Acho que a procura de uma leitura fácil que fosse polarizada resultou em uma leitura pouco absorvida, se permite-me a honestidade. Quando li a obra, me senti muito mal pela naturalidade da narrativa e do martírio que era pra Dolores a convivência com o homem. Eu era bem novo quando li e isso me chocou muito, eu deveria ter uns dezesseis anos quando li e ter a mesma idade da protagonista, ainda que do sexo oposto ao meu, incomodou-me muito.
Em um pequeno paralelo com uma obra contemporânea sobre um tema semelhante, O Quarto, adaptado ao cinema como O Quarto de Jack, há uma diferença brutal de construção da narrativa. O Quarto é claramente mais ficcional, escolhe um narrador infantil para evitar o choque e ainda ruma para um final feliz que, sabemos, muitos casos de abusos – seja ele de qualquer tipo – não levam a crer. Sob este aspecto considero Lolita muito mais realista, porque temos um narrador que acha que sua relação é, de fato, amorosa e por mais que tenha consciência de algo errado, sobrepõe isso a seu próprio desejo e domina a garota. Uma realidade muito mais crua e tangível com o que, infelizmente, vemos em casos de abusos reais.

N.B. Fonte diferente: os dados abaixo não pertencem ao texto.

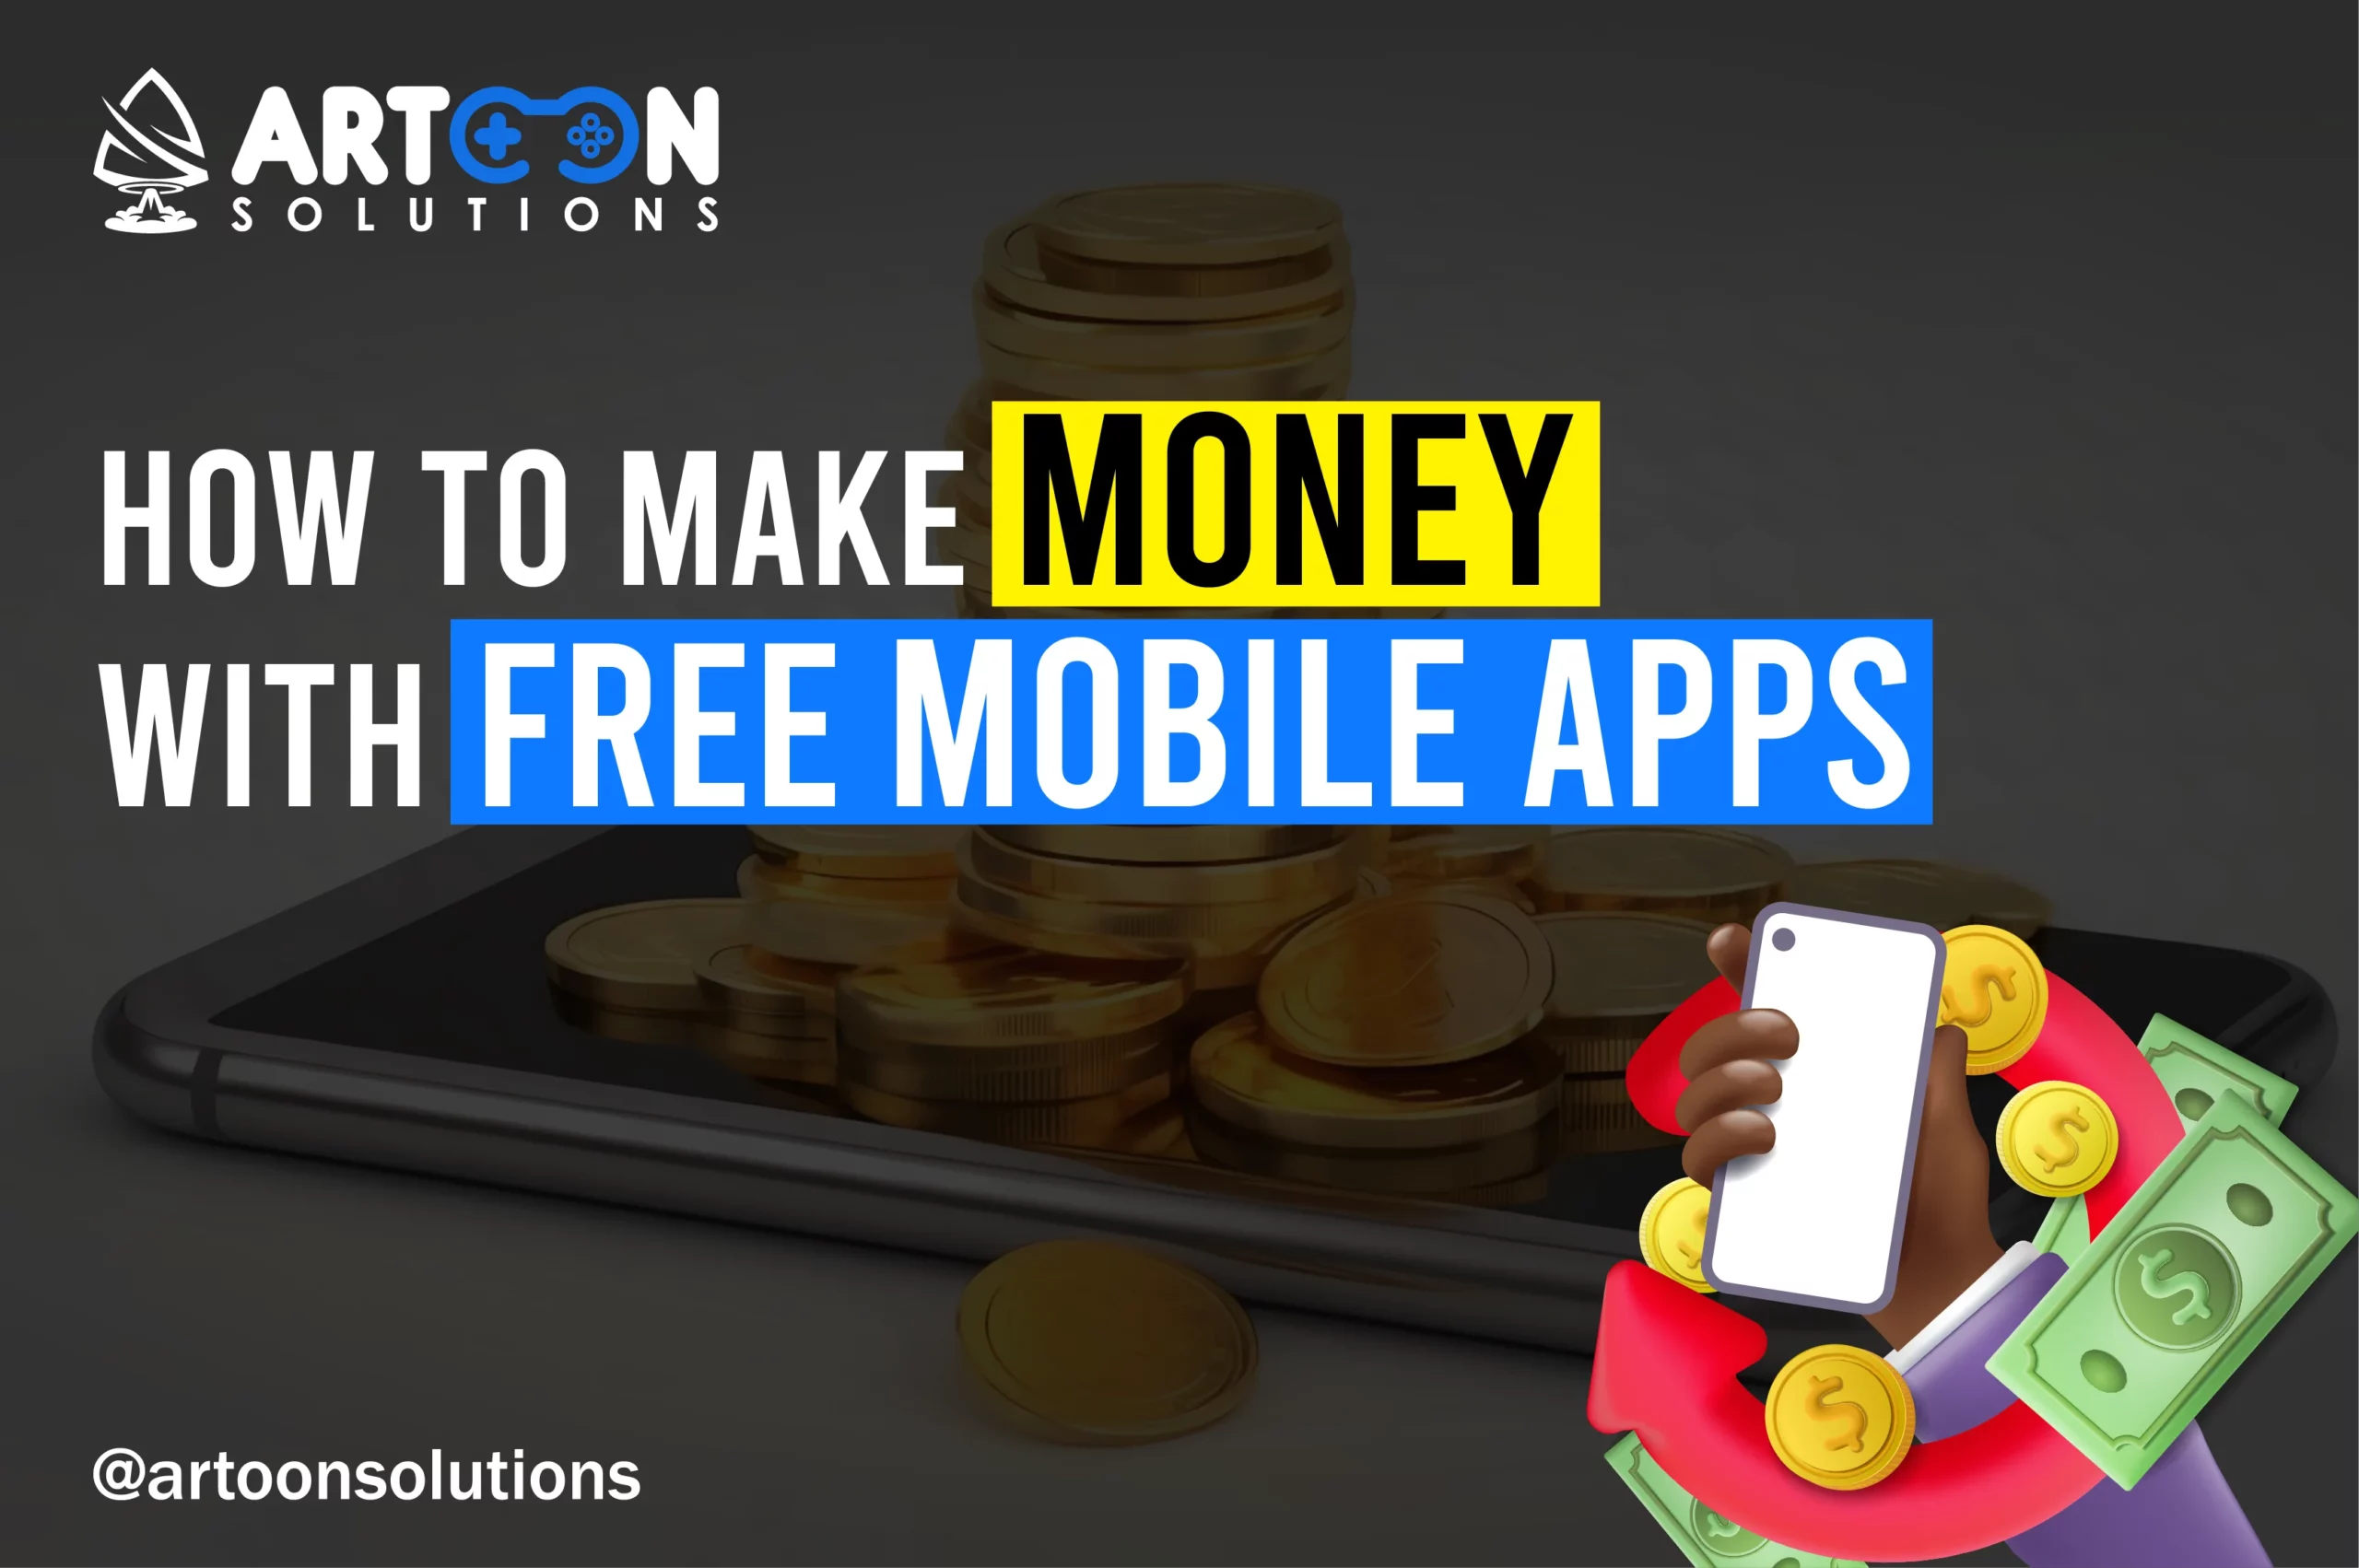 How to Make Money with Free Mobile Apps

Mas, voltando ao aspecto literária, isso é Nakobov. Um autor que nunca produz um rumo fácil, que cria conflitos difíceis e tensões incríveis em seus personagens para que ele cause comoção – positiva ou negativa – no leitor. Lolita, como romance, é um falso positivo. Não é uma obra a favor da pedofilia e de mostrar uma imposição do mais forte sobre o mais fraco. É justamente o oposto. E pena que muitos leitores conhecem-o somente por essa obra e não exploram mais sua prosa.

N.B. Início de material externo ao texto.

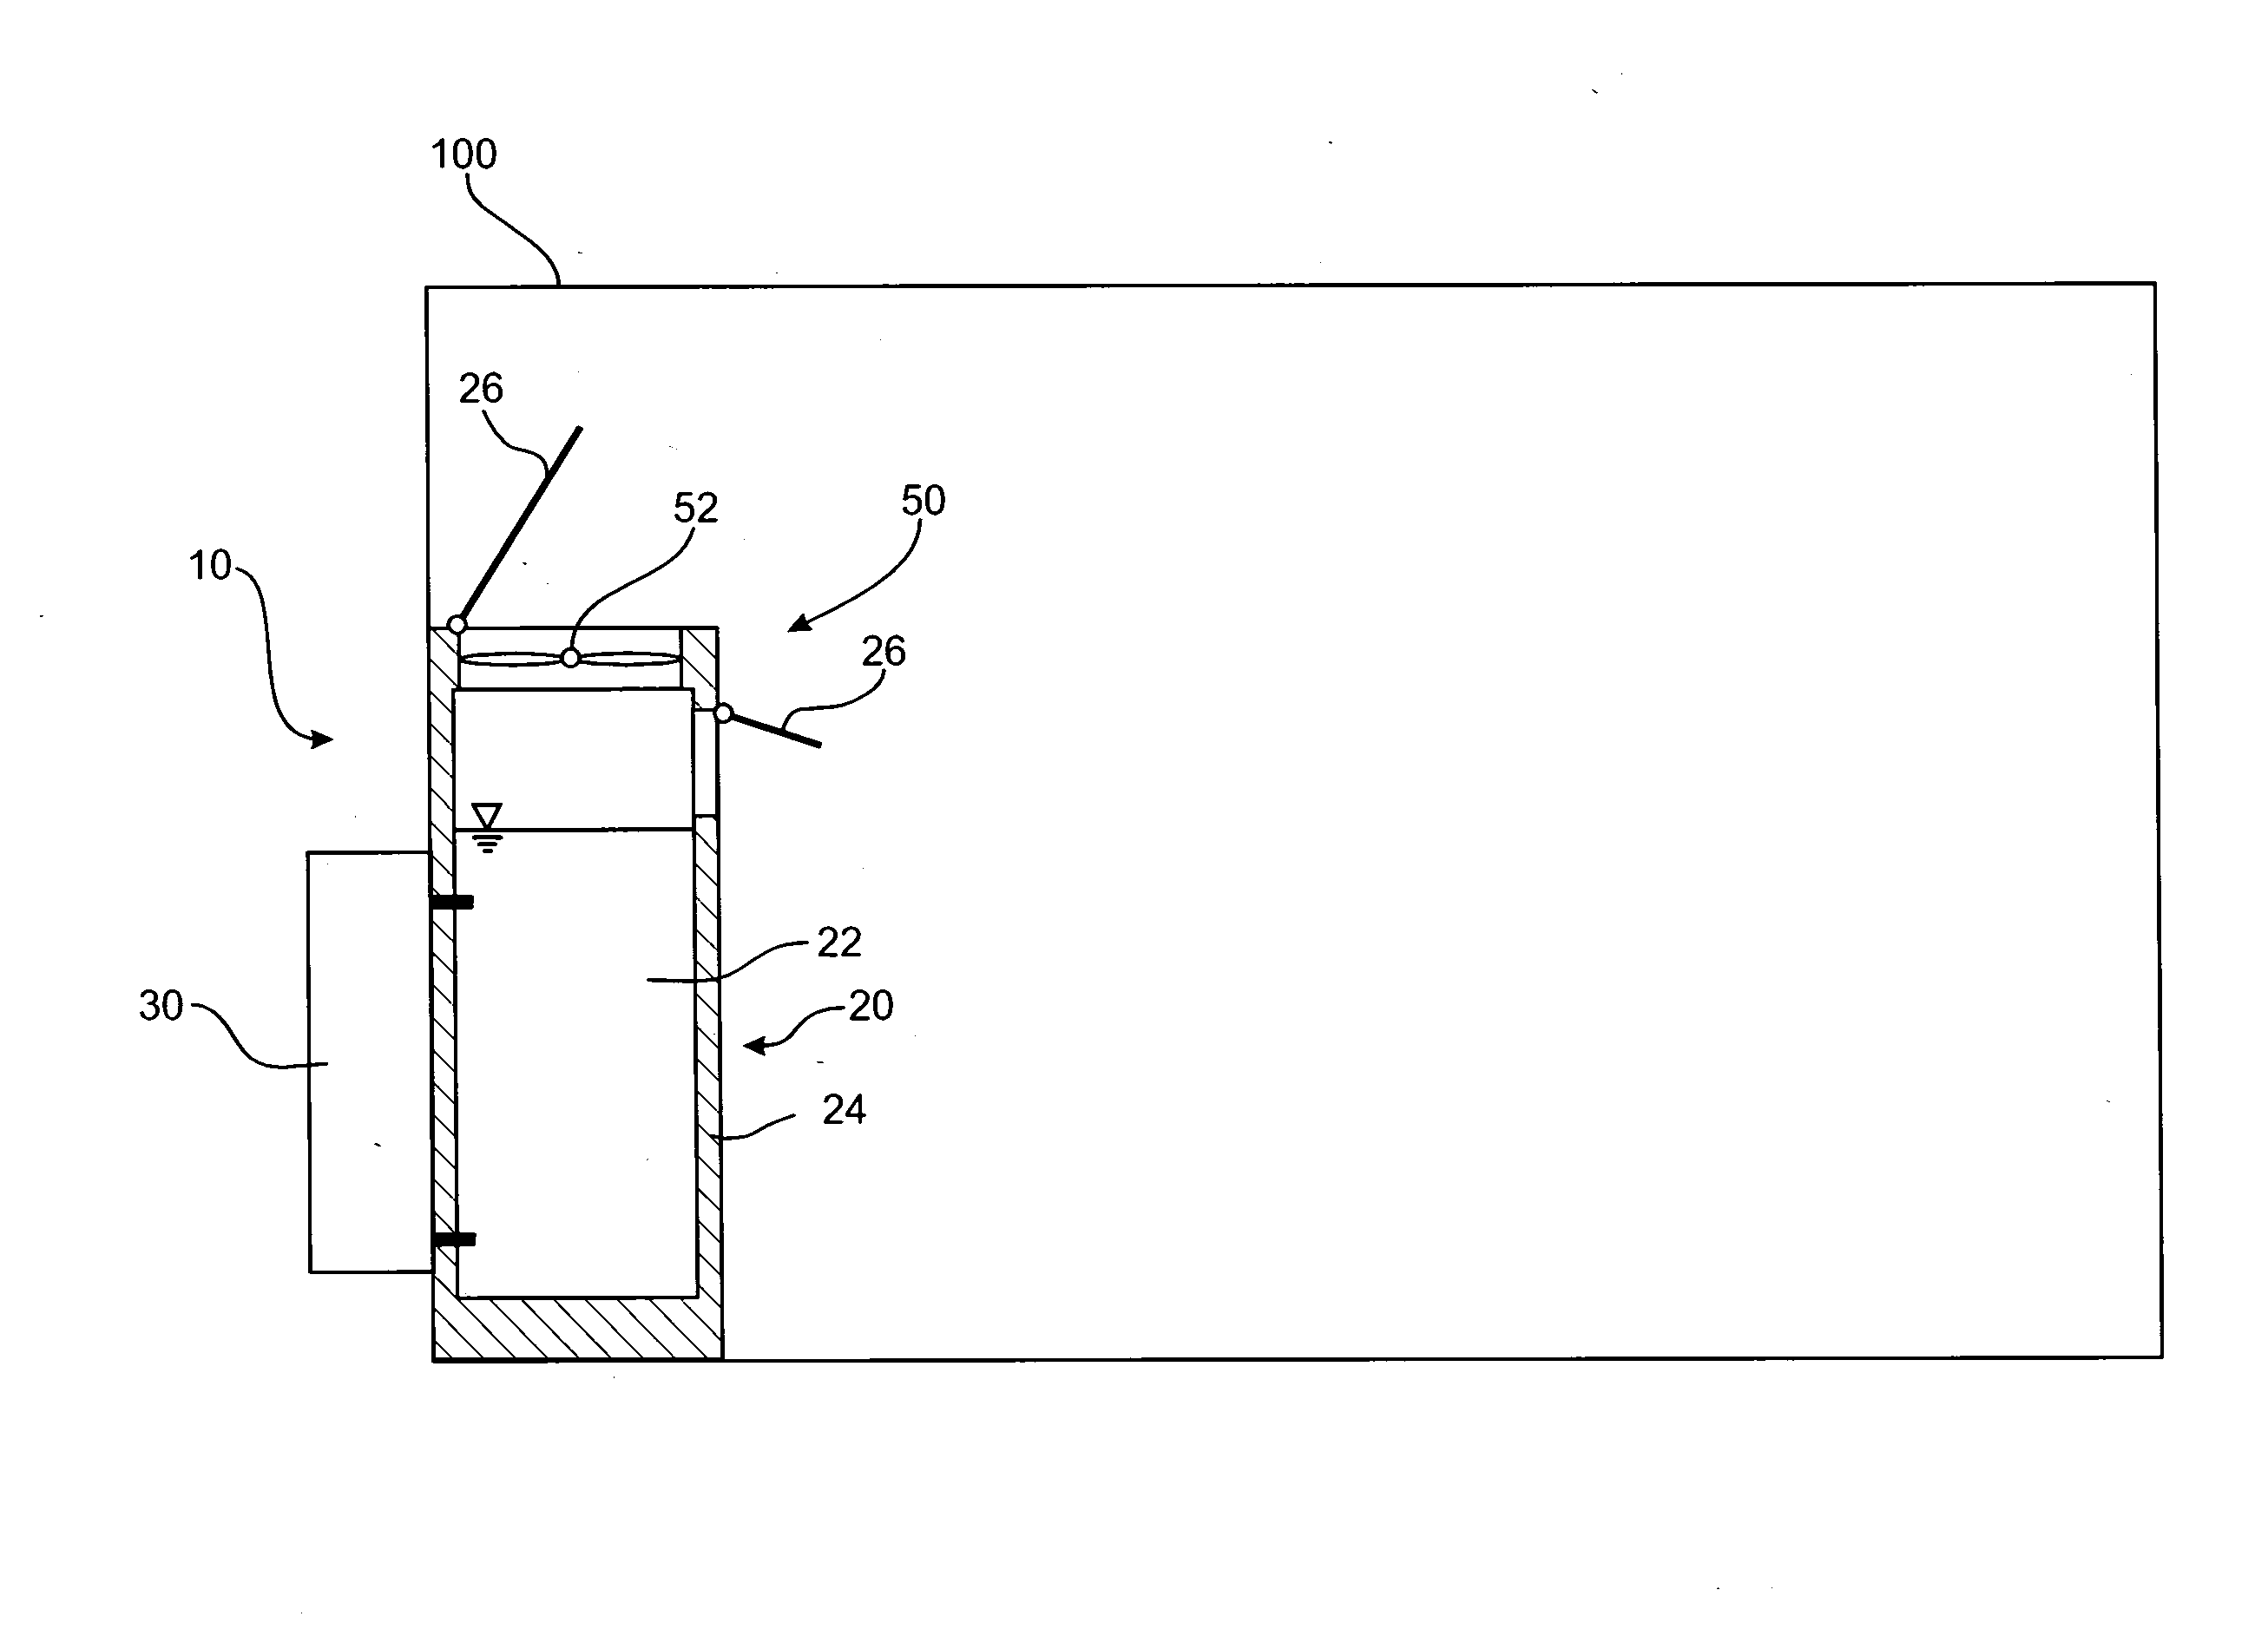 Method for cooling a refuge chamber in an emergency situation

Não creio que a obra se manifeste a favor de qualquer predator por usar um como narrador. Pelo contrário como mencionei. A mídia, sim, pode manipular o conceito da lolita a partir disso e, de fato, é inegável que há uma exploração mercadológica da criança que, infelizmente, o cunho sexual pode fazer parte. Mas a narrativa não é isso. É como ler Nelson Rodrigues e não compreender que todos os excessos na obra são, justamente, para demonstrar como eles são maléficos.
A pergunta final, porém, se mantém interessante e acho que é o ponto da questão a ser levantado. O que nós, como leitores e como sociedade, fizemos dessa questão de sexualização infantil e do cuidado que não tomamos diante de quem sofre o abuso. Mas a literatura tem essa multiplicidade de leituras. De qualquer forma, sugiro uma outra lida. Engolindo em seco o fato de estar acompanhando um predador. A raiva ao ler é proposital.
Dizer que Lolita é um “romance” no sentido de uma relação amorosa, para mim, que até aqui deve ter ficado explicito o apreço por literatura e pelo próprio Nabokov, é o mesmo que achar bonito a relação suicida de Romeu e Julieta de Shakespeare. Mesmo que ambas as obras sejam diferentes, há um fator em comum entre elas. Elas não são “bonitas” de maneira alguma. Mas, infelizmente, são os leitores que tem essa visão.